O Ibovespa subiu 0,49%, aos 184.108 pontos. Bem diferente da quinta-feira, quando caiu mais de 2% diante do mau humor externo, com incertezas sobre o fim da guerra no Oriente Médio; e as perdas das ações de empresas de peso, mais conhecidas como Bradesco e Petrobras. Na semana e no mês, a perda já soma 1,71%. Mas os ganhos da carteira no ano chegam a 14,24%.
O grande catalisador do dia foi o “payroll”, o relatório oficial de emprego dos EUA. O dado trouxe um misto de resiliência econômica com alívio inflacionário, exatamente o que o mercado precisava para estancar a sangria recente nos ativos de risco.
Os Estados Unidos criaram 115 mil vagas de trabalho em abril, um número que superou com folga a expectativa de 55 mil postos projetada pelo consenso do mercado. O dado reforça a tese de que a maior economia do mundo segue sólida, mesmo sob o peso de juros restritivos.

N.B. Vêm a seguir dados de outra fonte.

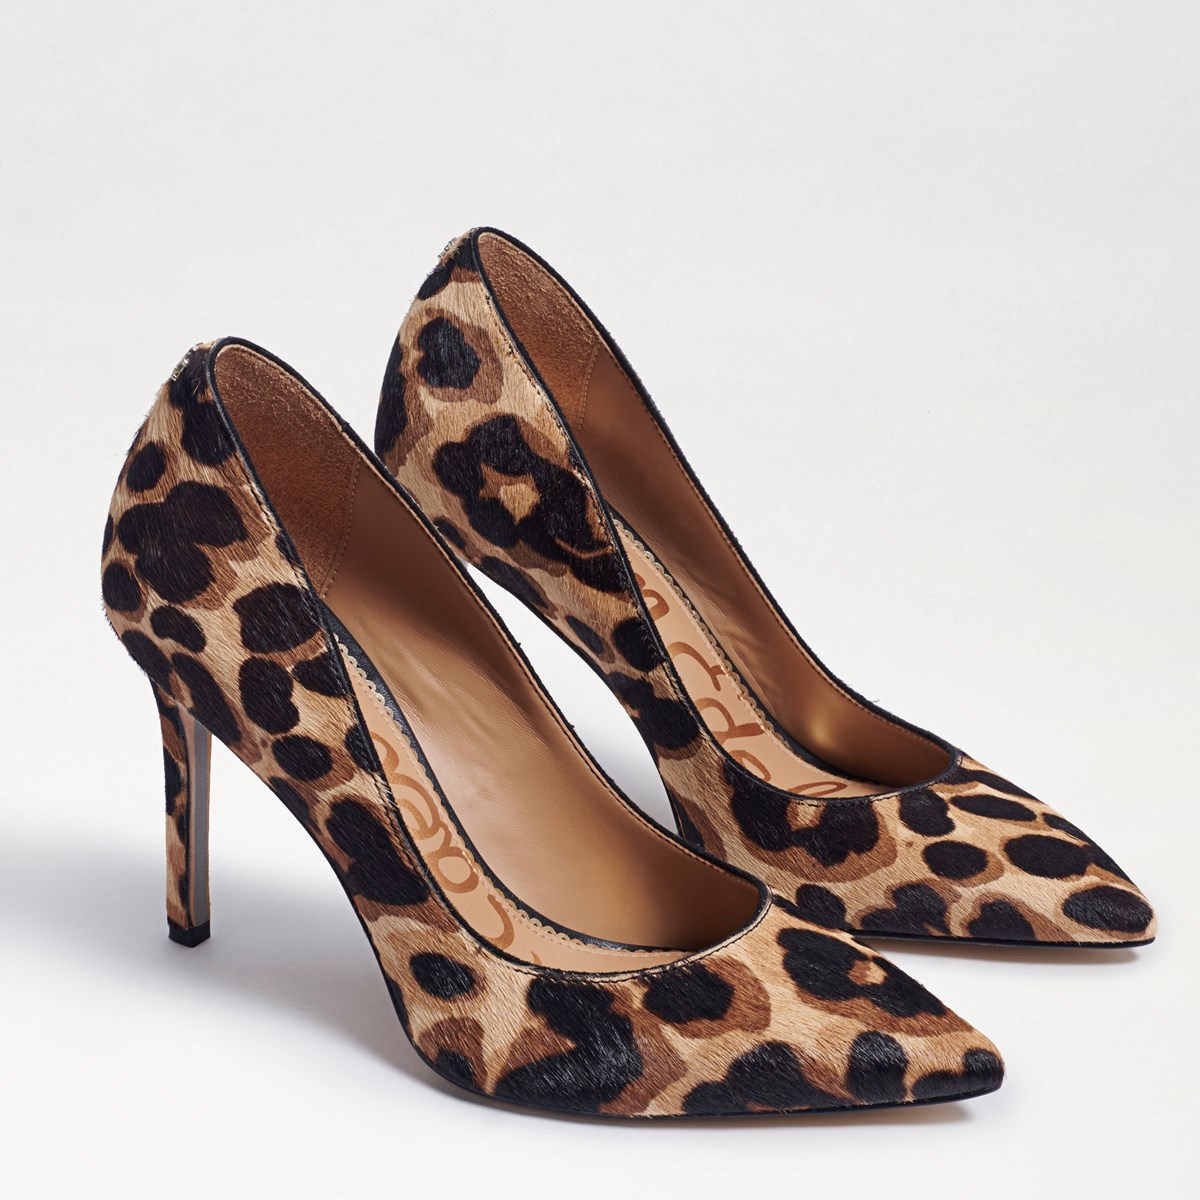 Buy > sam edelman patent leather heels > in stock

Por outro lado, o detalhe que realmente animou os investidores foi o salário médio por hora. Com alta de 0,2% no mês, o indicador ficou abaixo das projeções, sinalizando que a pressão de custos no mercado de trabalho pode estar perdendo tração.
Essa desaceleração salarial é vista como um “presente” para o Federal Reserve (Fed). Ao aliviar as preocupações inflacionárias, o dado reduz a necessidade imediata de posturas ainda mais agressivas por parte dos dirigentes da autoridade monetária americana.
No campo geopolítico, o clima de apreensão que derrubou os mercados na quinta-feira deu lugar a uma estabilidade cautelosa. O temor de uma escalada sem precedentes entre Estados Unidos e Irã foi substituído por um alívio parcial.
Dólar em baixa
O clima se refletiu também no mercado de câmbio. A moeda americana perdeu força frente às principais divisas globais e também ante o real, refletindo a leitura de que o Fed pode não precisar subir juros novamente tão cedo. A queda foi tamanha, que chegou ao menor patamar desde janeiro de 2024.
“O dólar nesse patamar representa uma mudança significativa no mercado, já que um real mais forte ajuda a aliviar a pressão inflacionária, especialmente sobre os custos de importação e os preços de combustíveis. Para o mercado de renda variável, essa queda já está sendo sentida com a entrada expressiva de investidores estrangeiros na B3”, avalia Sidney Lima, Analista da Ouro Preto Investimentos.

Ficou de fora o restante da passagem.